Return the complete listing exactly as it reads, with each picture removed.

Material provided -
--------

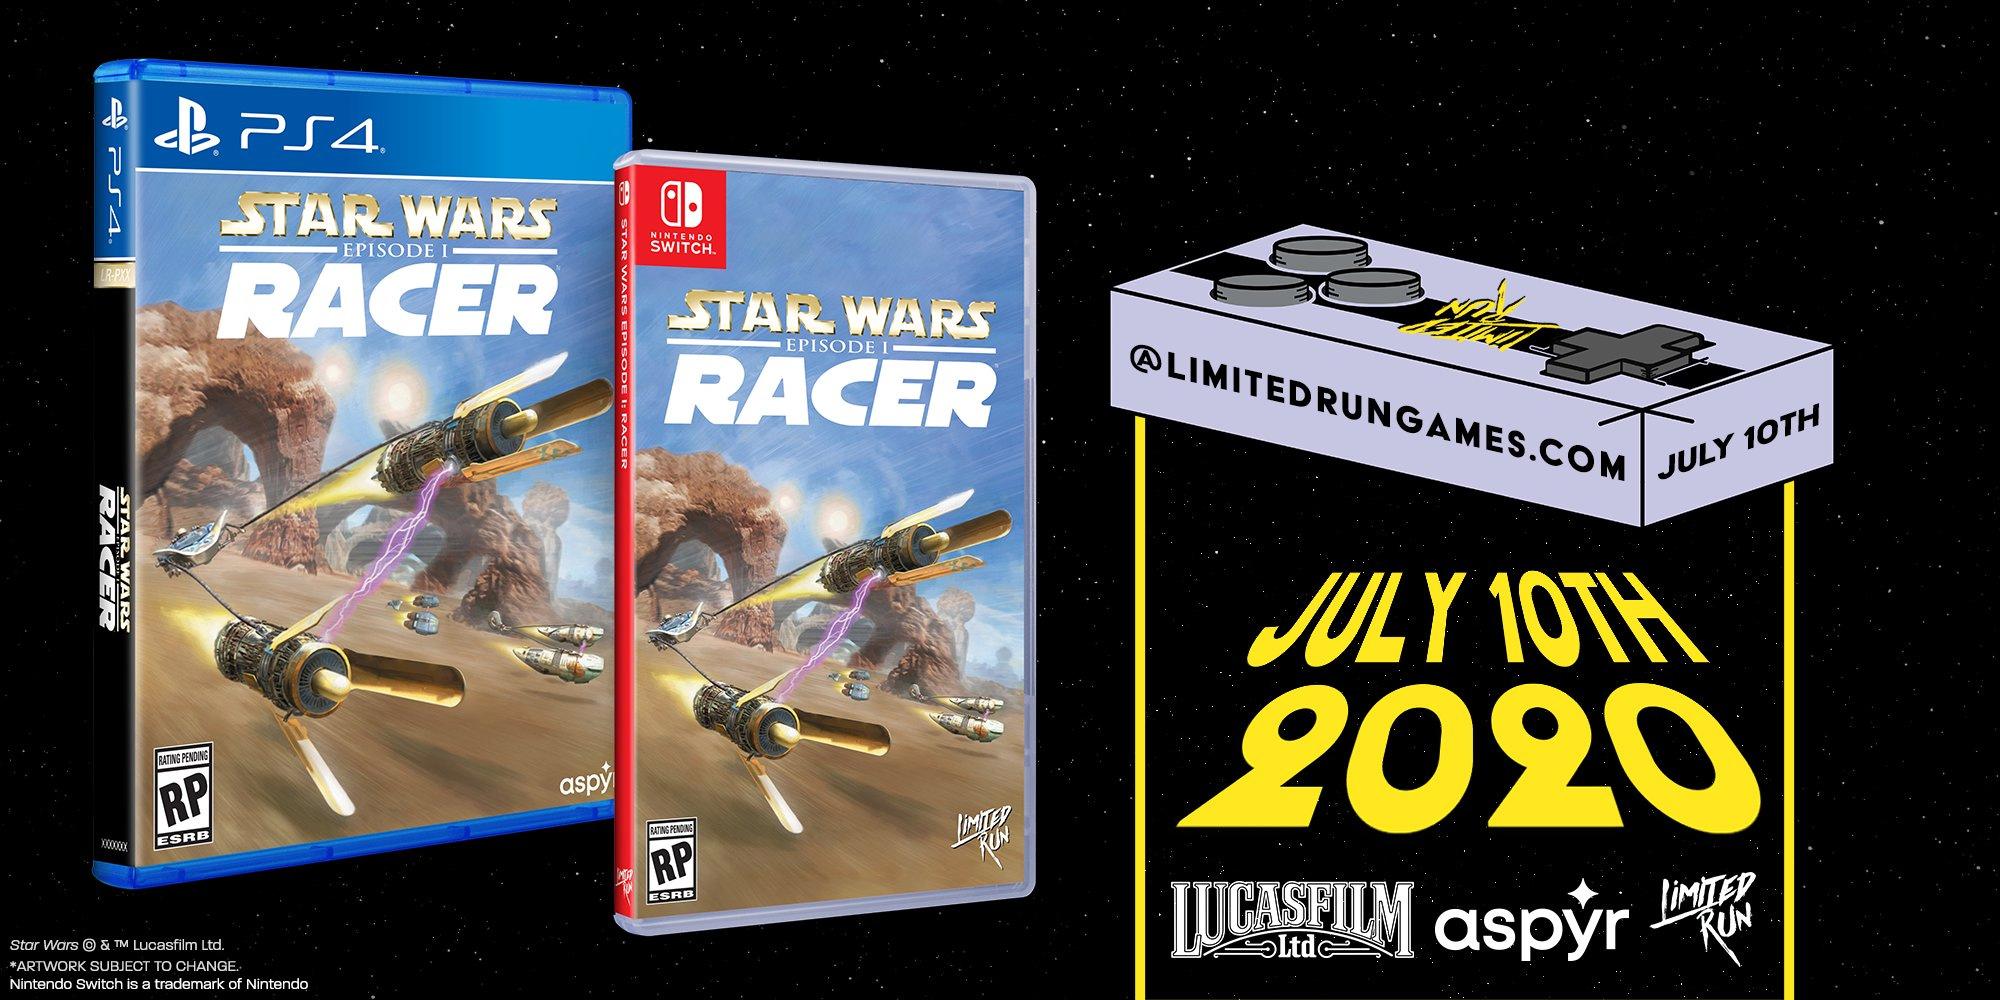 Star Wars Episode I: Racer standard edition Limited Run Games
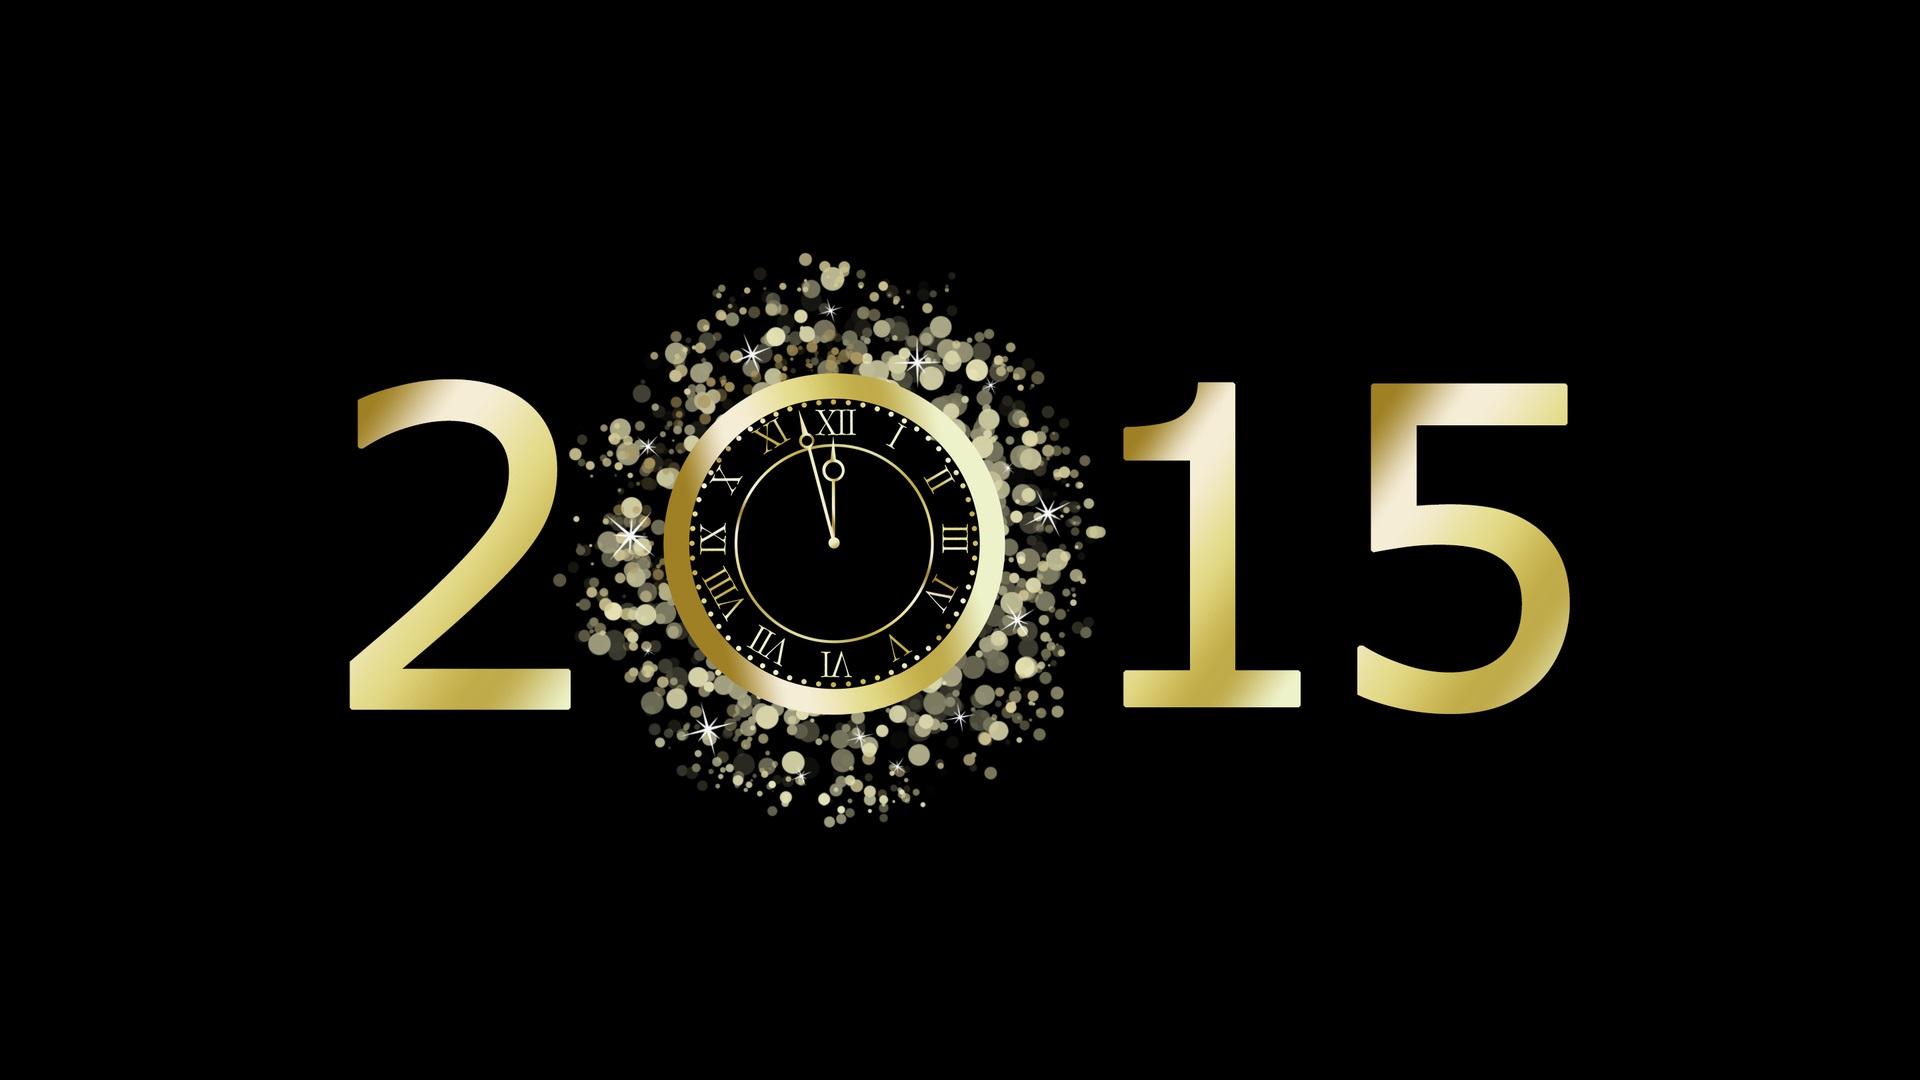 Chinese Zodiac Horoscope 2015 Hd Wallpapers 1920x1080
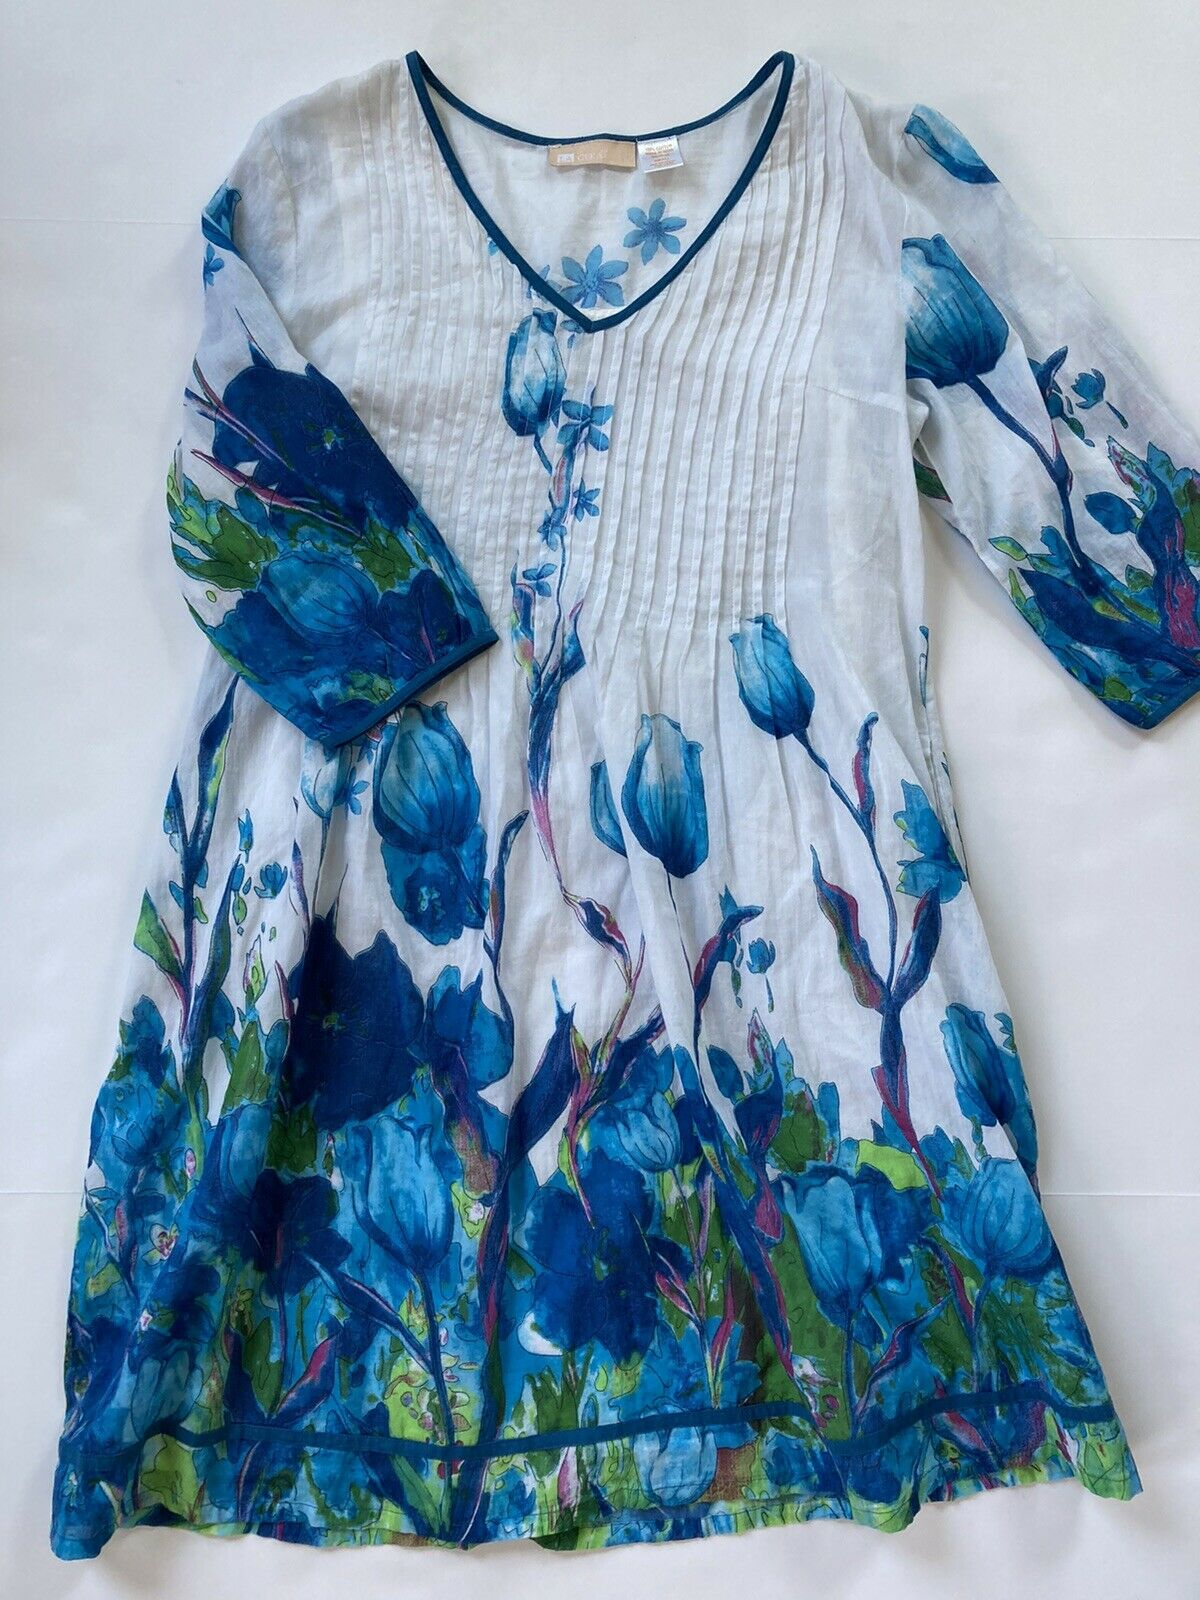 LA CERA Tulip Print Pleated Cotton Tunic Dress - image 1

--------

Output below -
 Star Wars Episode I: Racer standard edition Limited Run Games
 Chinese Zodiac Horoscope 2015 Hd Wallpapers 1920x1080
 LA CERA Tulip Print Pleated Cotton Tunic Dress - image 1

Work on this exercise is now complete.